◆ **WORK INSTRUCTIONS**:
Omit all pictures and transcribe only the lines in the entries below that run from the line with "At the Nantes" through the line with "white and black".

◆ **INPUT**:
::::::
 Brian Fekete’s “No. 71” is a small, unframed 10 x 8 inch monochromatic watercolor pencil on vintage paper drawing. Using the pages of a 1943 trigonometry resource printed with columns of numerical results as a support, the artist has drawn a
::::::
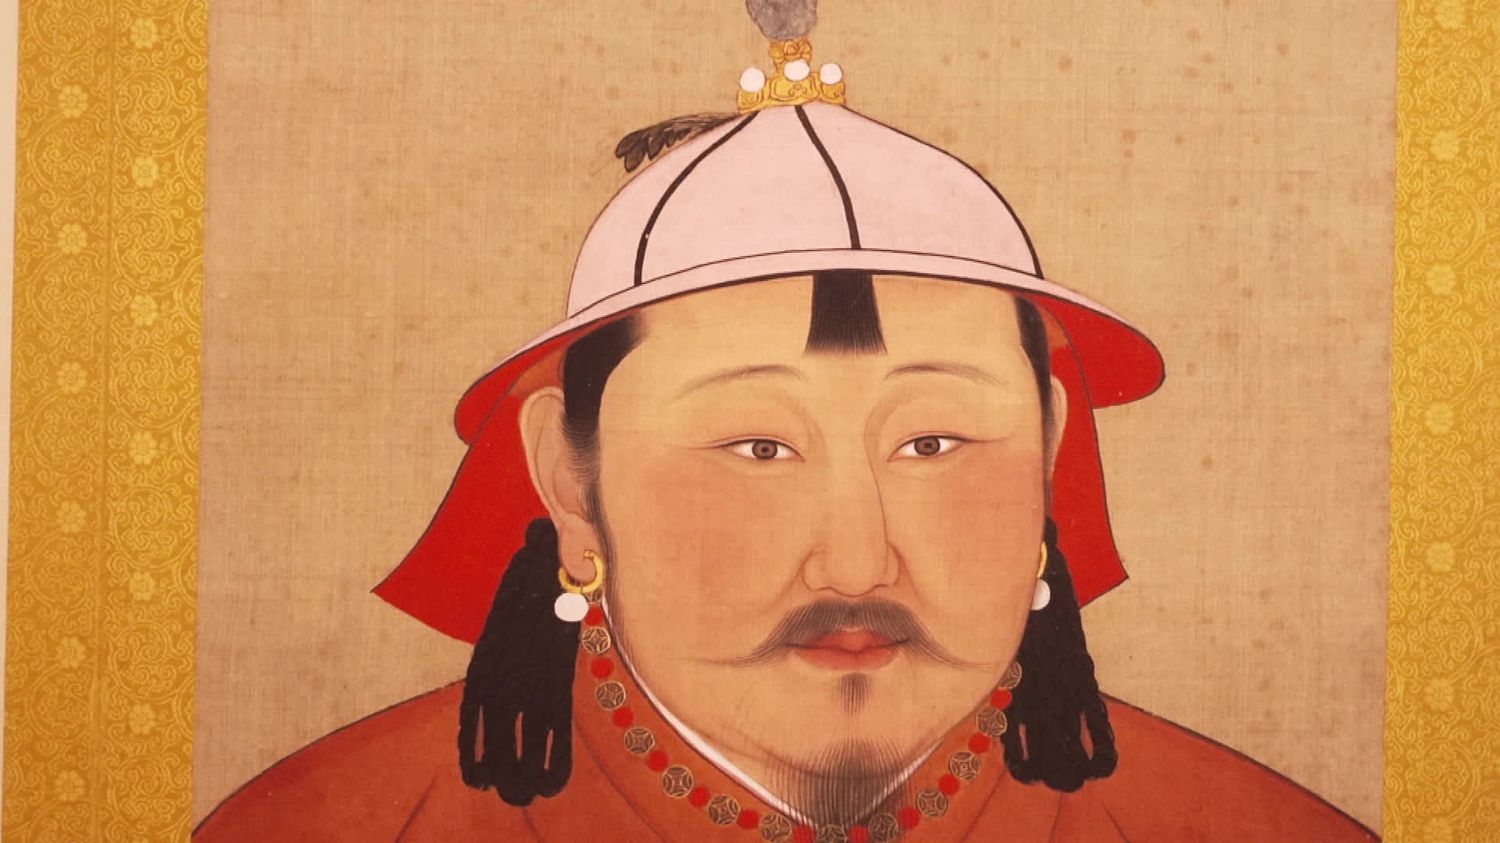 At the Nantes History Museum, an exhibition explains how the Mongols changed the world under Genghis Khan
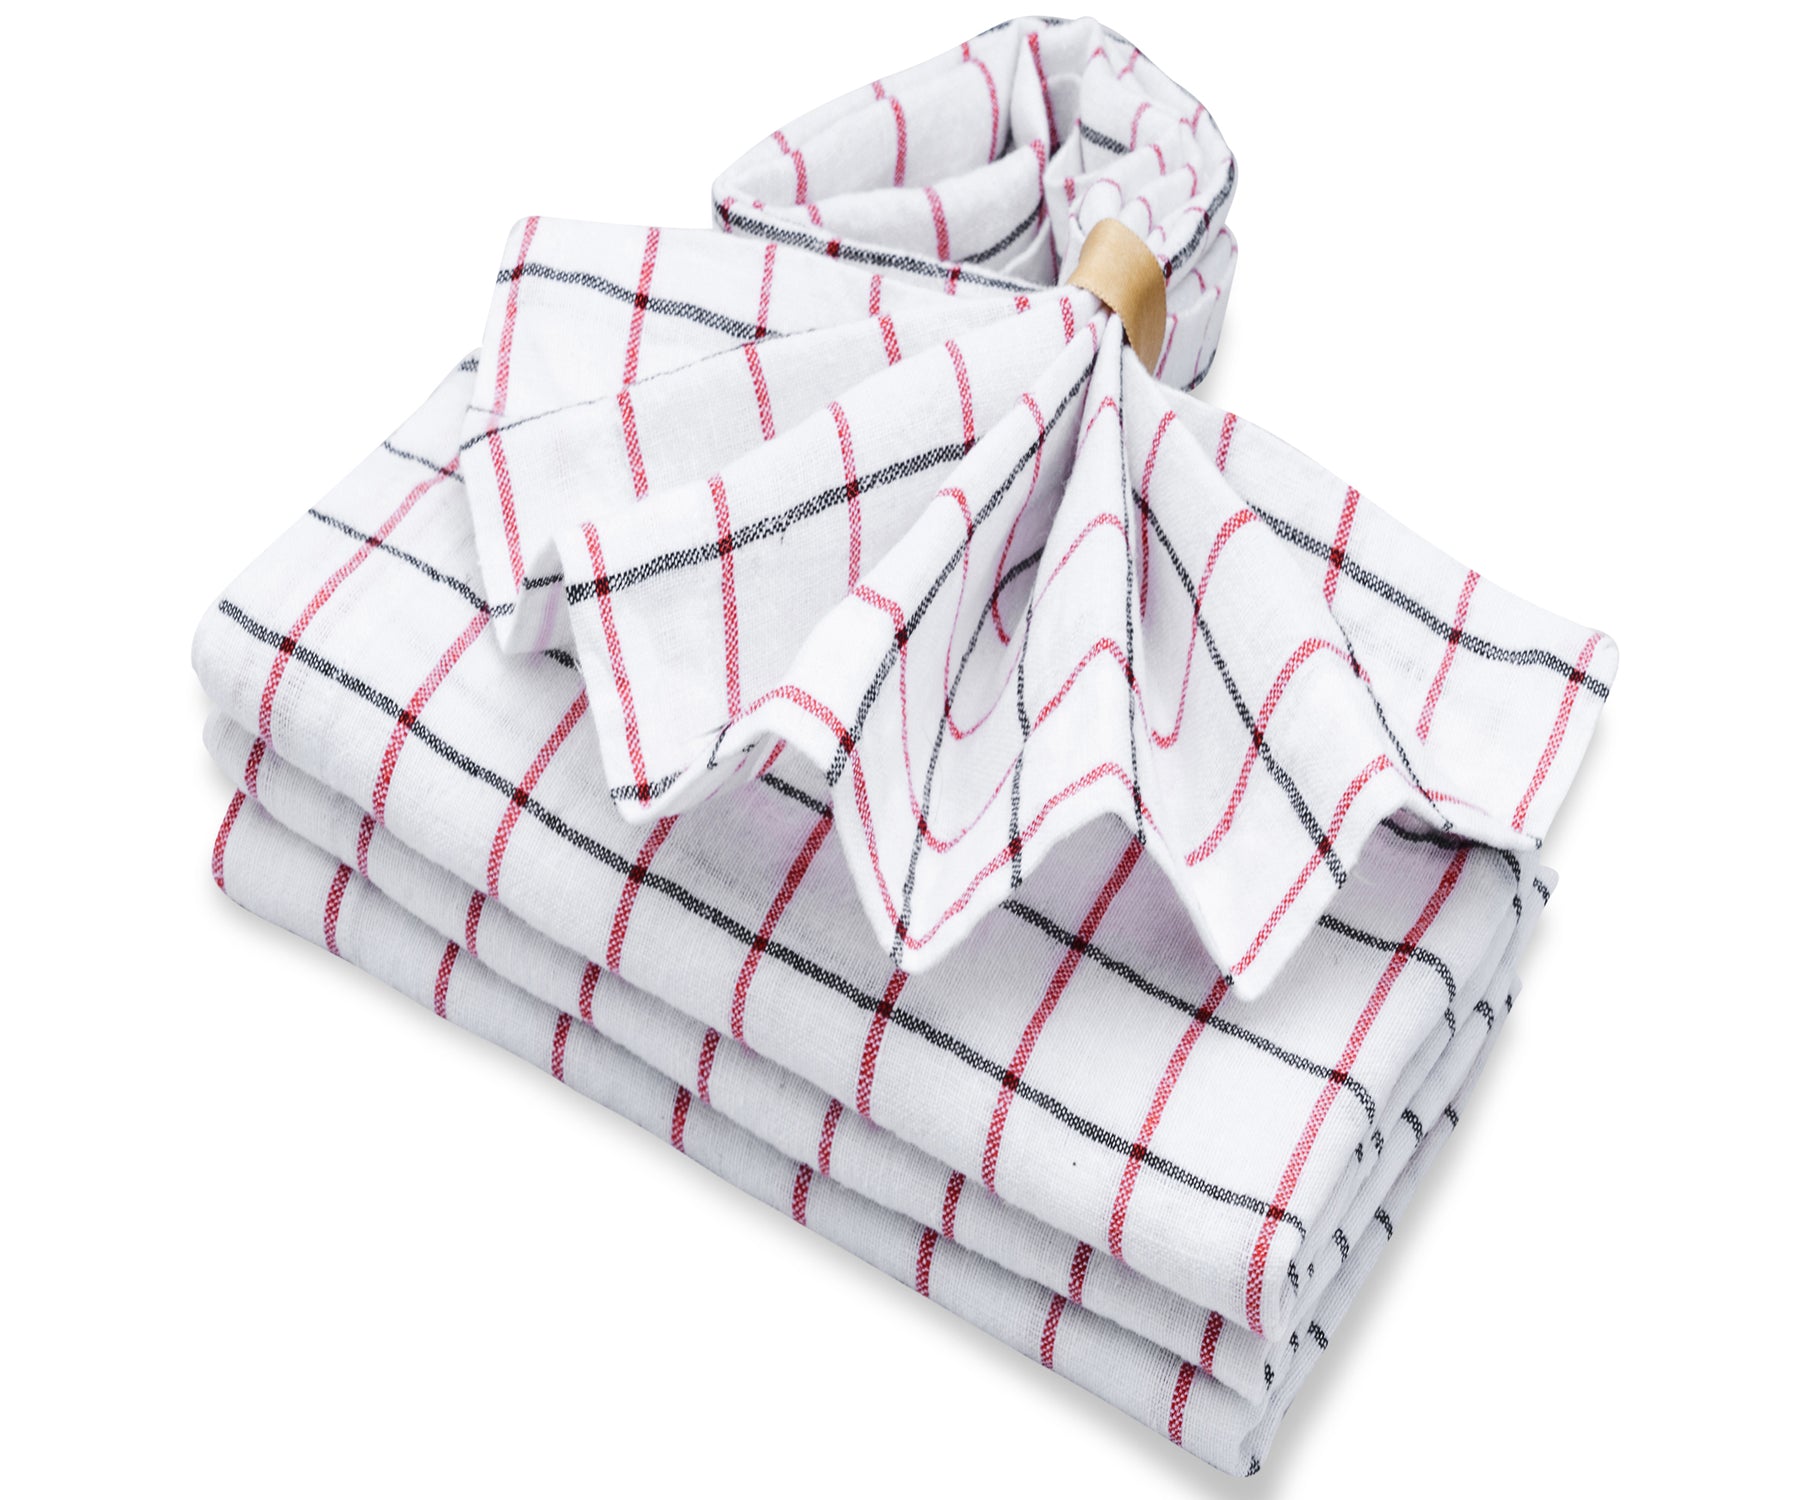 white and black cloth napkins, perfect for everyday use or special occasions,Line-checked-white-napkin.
::::::
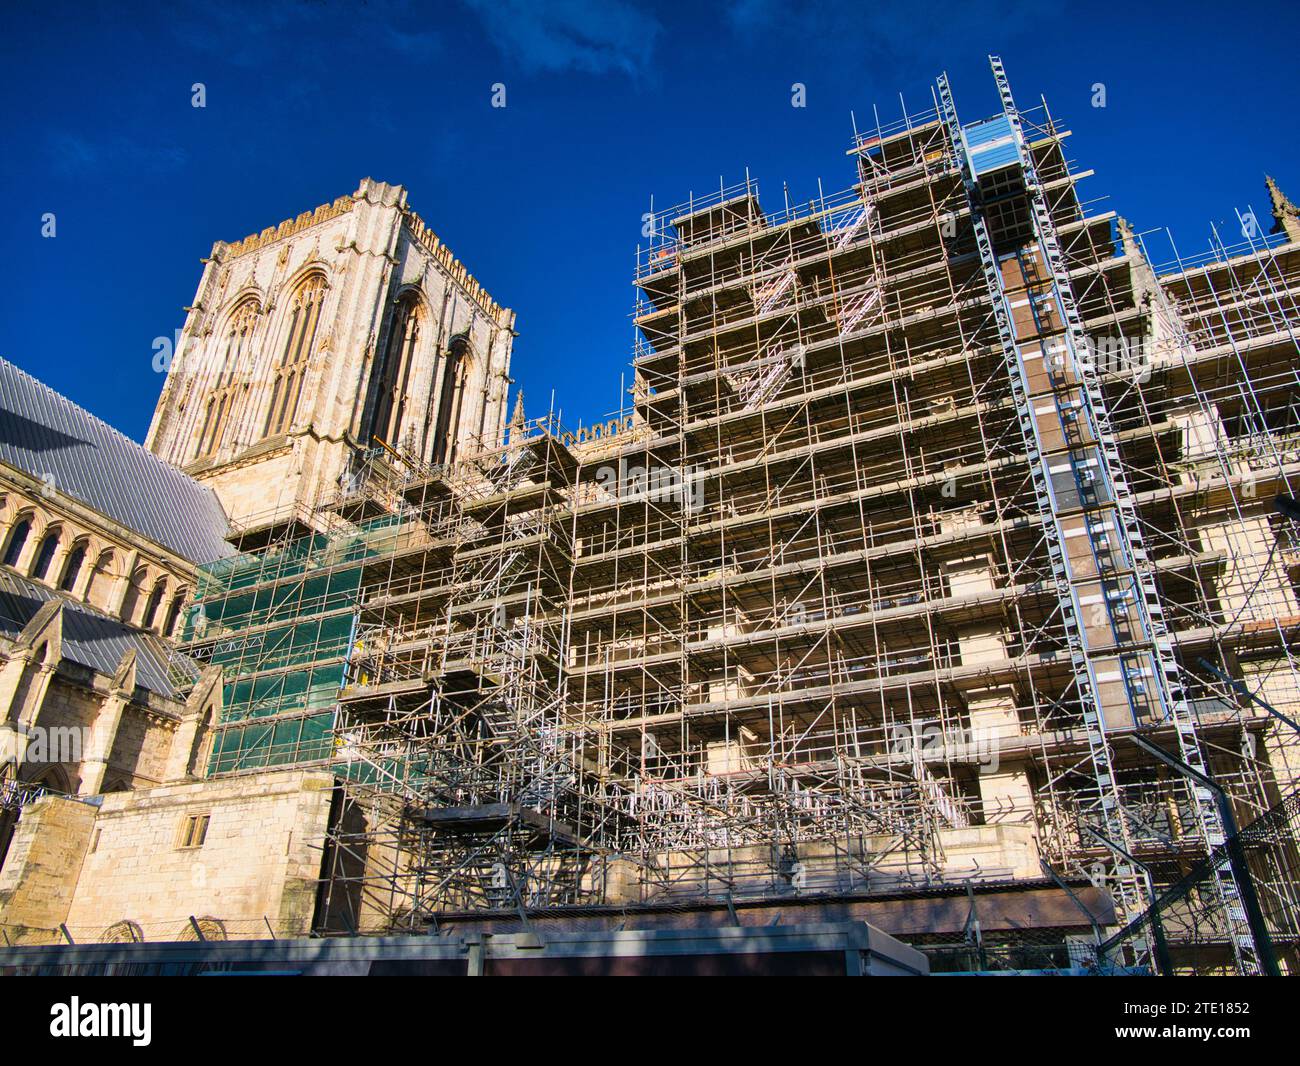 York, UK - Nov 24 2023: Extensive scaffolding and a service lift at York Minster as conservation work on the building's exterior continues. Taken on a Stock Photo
::::::
◆ **EXERCISE SOLUTION**:
 At the Nantes History Museum, an exhibition explains how the Mongols changed the world under Genghis Khan
 white and black cloth napkins, perfect for everyday use or special occasions,Line-checked-white-napkin.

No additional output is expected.